User Profile: kimidare
kimidare July 30th

I'm trying so hard to keep living, working, socializing like a normal human.

I feel that I can't confide in anyone around me, especially the most distressing topics. Colleagues or not-really-friends avoid me when I try to share a little of my struggle.


Currently I deal with anxiety about:


- Social interaction with colleagues: i can t connect with my colleagues, they prefer to befriend others than me. I don t know if I m not interesting or my anxiety/sadness is visible even if I try to hide it.


- Social interaction with friends: I wanted to start a role playing game (paper version) with 3 people, they seem ok with it but I have self esteem issues and I m afraid that my anxiety will prevent me from doing it well. The improvisation part is the hardest, as I will lead the narrative, prepare the scenario etc.


- (TW: past sexual abuse) the police asked me some months ago to tell again everything about the rapes from my ex that happened 10+ years ago. It s because another complaint from another woman has been made. But I don t understand why I had to tell everything again, and my memory wasn t very good at the moment (traumatic amnesia).

+ i didn t want to read and confirm that everything that has been written by the police and I just sign it at the end, wanted to leave.


- Relationship with the other victim: she contacted me after filing her complaint and I tried to support her. But I feel stressed at the same time due to the triggers. And she thinks that there will be a trial and some news about it in september. It s just guesses but I feel panicked.


- Due to all the stress I want to sh a little, but I don't do it. I often have intrusive bad memories, difficulty to breath and to concentrate.

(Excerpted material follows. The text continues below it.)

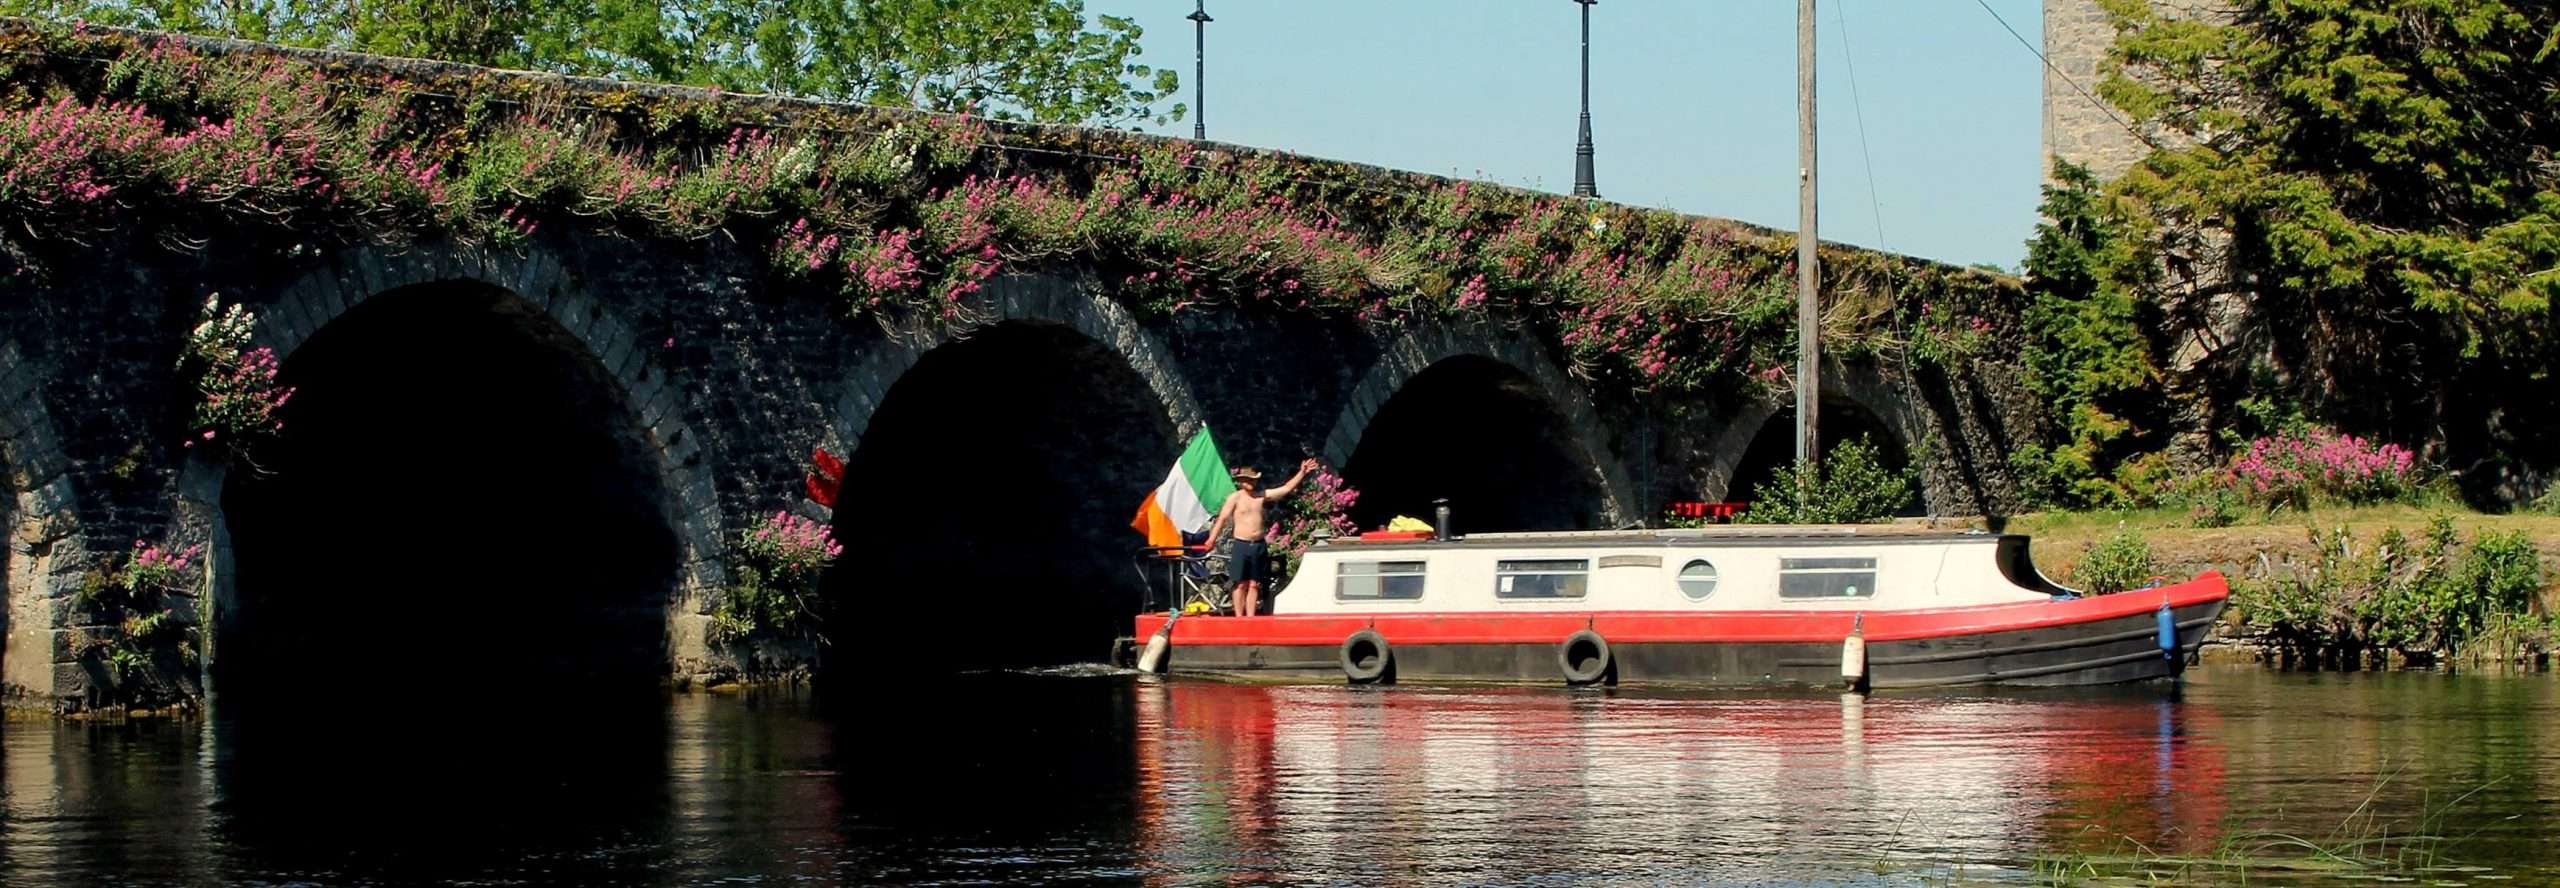 Cliff Reid on his barge on the river Barrow at Goresbridge, Kilkenny, Ireland

I just want to hide in my bed and not fight all of this. It s so hard and I feel so alone.

1
User Profile: toughTiger6481
toughTiger6481 August 6th

@kimidare

That is a lot to go through.  I find most co-workers /colleagues to be superficial and not easy to share or discuss on deeper levels. Which sucks IMO because  these are people we tend to spend a good deal of time with.... when you do find someone i recently did i think i over did it sharing because it was so refreshing to have a person to speak to about real things. they kind of backed off now and i wish i had not said as much as i did. 

i never really understood why some colleagues hang out with certain people and for some reason  others like you and me are left just outside of group. It is IMO a common dynamic and not you personally.  the other item must have been something that although you might want to help is bringing up a lot of past issues and struggles....

i hope for you that all goes well with that and you can finally put that before you.